This invention relates to high temperature resistant epoxy resins for producing hollow fiber membrane modules for high temperature gas separation applications. This invention also relates to a hollow fiber membrane module comprising a high temperature resistant cured epoxy resin tube sheet.
In the past 30-35 years, the state of the art of polymer membrane-based gas separation processes has evolved rapidly. Membrane-based technologies have advantages of both low capital cost and high-energy efficiency compared to conventional separation methods. Membrane gas separation is of special interest to petroleum producers and refiners, chemical companies, and industrial gas suppliers. Several applications of membrane gas separation have achieved commercial success, including N2 enrichment from air, carbon dioxide removal from natural gas and from enhanced oil recovery, and also in hydrogen removal from nitrogen, methane, and argon in ammonia purge gas streams. For example, UOP's Separex™ polymeric membrane is currently an international market leader for carbon dioxide removal from natural gas.

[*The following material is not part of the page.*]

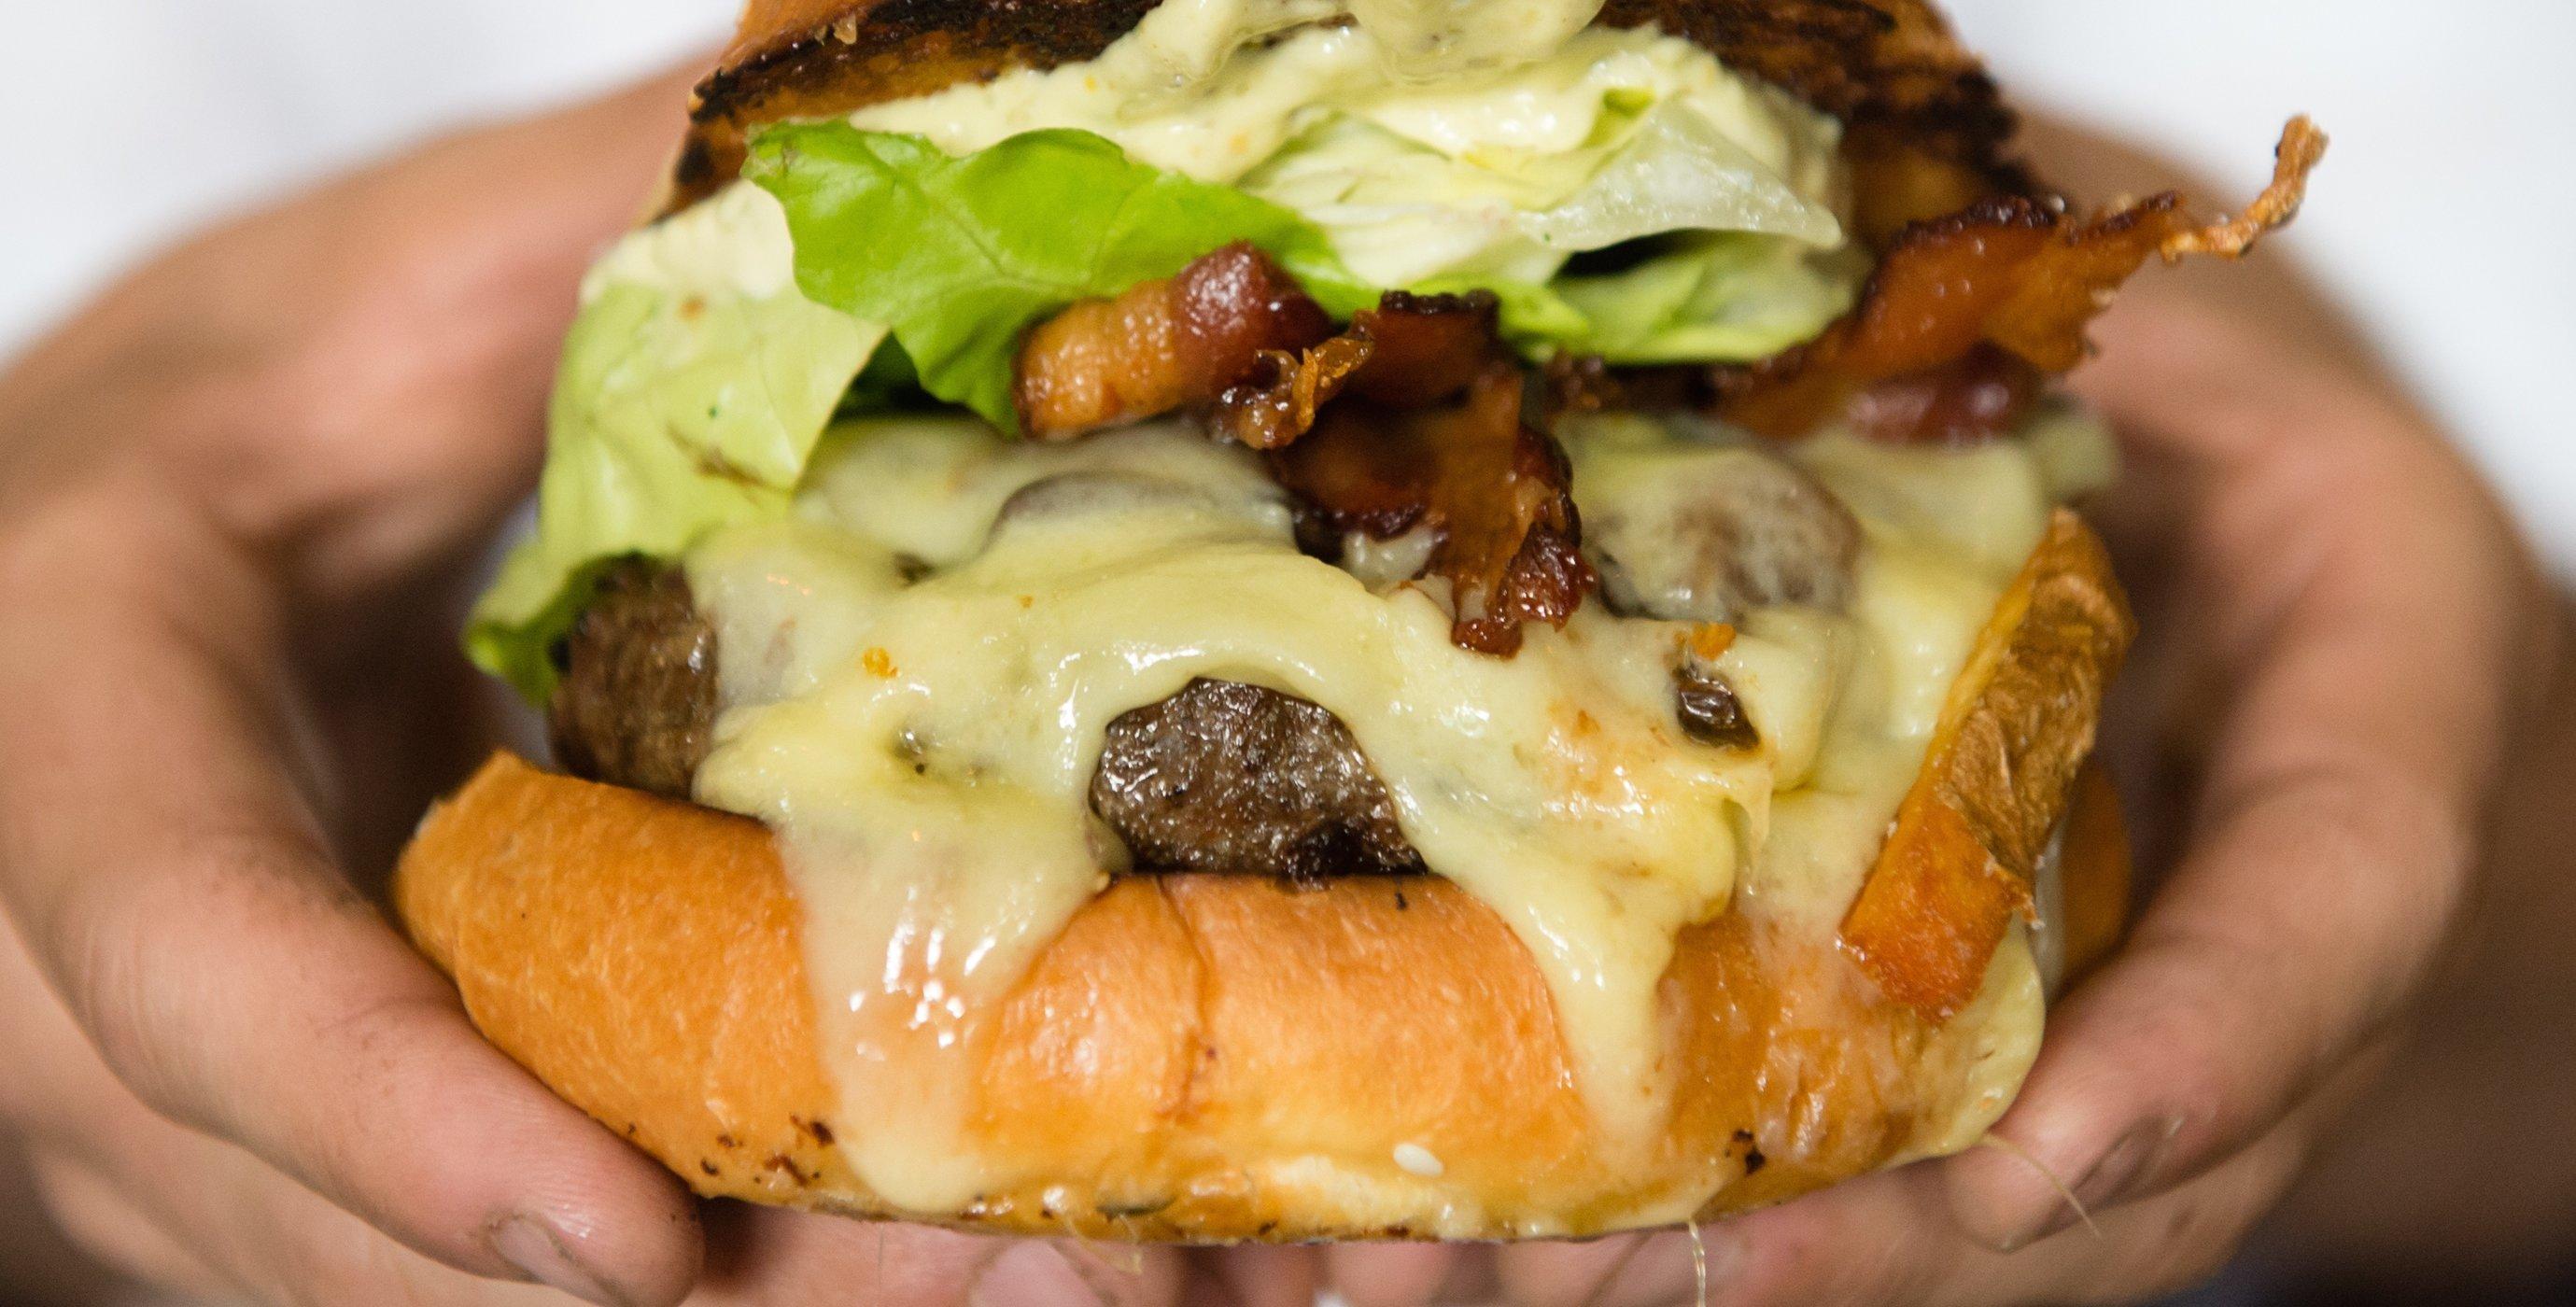 la bete burger seattle

The polymeric membranes most commonly used in commercial gas separation applications are flat sheet or hollow fiber membranes that can be fabricated into spiral wound or hollow fiber membrane modules. The flat sheet or hollow fiber membranes have a thin nonporous selective skin layer that performs the separation and a highly porous non-selective mechanical support layer. Separation is based on a solution-diffusion mechanism. This mechanism involves molecular-scale interactions of the permeating gas with the membrane polymer. The mechanism assumes that in a membrane having two opposing surfaces, each component is sorbed by the membrane at one surface, transported by a gas concentration gradient, and desorbed at the opposing surface. Each spiral wound or hollow fiber membrane module comprises multiple flat sheet or hollow fiber membranes bound together with a cured epoxy resin that is essentially impermeable to the gas pairs to be separated.
UOP Separex™ commercial spiral wound membranes for natural gas upgrading comprise flat sheet membranes made by a phase inversion technique. The Separex™ spiral wound membrane module has the key features of cross-flow, high pressure tolerance, high fouling resistance, high reliability, and ease of installation into space-efficient, skid-mounted units. Some commercial gas separation membranes have hollow fiber configuration and are formed into hollow fiber modules. Hollow fiber membrane modules with much higher membrane area packing density than spiral wound modules have been commercially used for both low pressure and high pressure applications. The key features of hollow fiber modules for high pressure gas separations such as CO2/CH4 separation and H2 purification include cross-flow and good feed flow distribution. The key features of hollow fiber modules for low pressure gas separations, such as On Board Inert Gas Generating Systems (OBIGGS) application and dehydration of air include counter-flow and low fouling.
The state-of-the-art hollow fiber membrane spinning processes allow multiple parallel spinning lines for high throughput, low cost fabrication. The hollow fiber membrane module having a feed gas inlet, a residue outlet, and a permeate outlet comprises a bundle of hollow fiber membranes, wherein one end or both ends of the membrane bundle is fixed and bound together in what is commonly referred to as a tube sheet formed of a cured epoxy resin. The tube sheet is impermeable to the gases and fixes and holds the hollow fibers in a gas-tight relationship. The tube sheet seals between the hollow fibers and between the fibers and the module shell, so that the permeate flow is separated from the feed and residue flows. The hollow fiber membrane modules will lose the separation property if the cured epoxy resin of the tube sheet cracks or decomposes.
Hollow fiber membrane modules have been commercially used for the separation of clean gas streams such as separation of nitrogen or water from air and purification of hydrogen from ammonia purge gas or syngas. However, most of the hollow fiber membrane modules for gas separation applications cannot be operated at temperatures above 80° C. due to the use of the tube sheet formed from low temperature stable cured epoxy resin and the use of low temperature stable packaging material. The low temperature stable cured epoxy resin is typically formed from a low temperature stable epoxy resin and a low temperature stable aliphatic diamine with the advantages of low cost, low viscosity, easy to mix, fast reaction, and room temperature-curing. However, this type of cured epoxy resin with cured network can work up to 80° C., but not above.
Zaki et al. (U.S. Pat. No. 7,867,319) disclosed a filled epoxy tubesheet comprises an epoxy filled with a metal.
Yamaoka et al. (U.S. Pat. No. 8,388,733) disclosed an epoxy resin composition for producing hollow fiber membrane elements that can be operated above 80° C.
It is desirable to develop high temperature resistant epoxy resin for producing hollow fiber membrane modules that can be operated above 100° C. for gas separation applications such as for H2 purifications.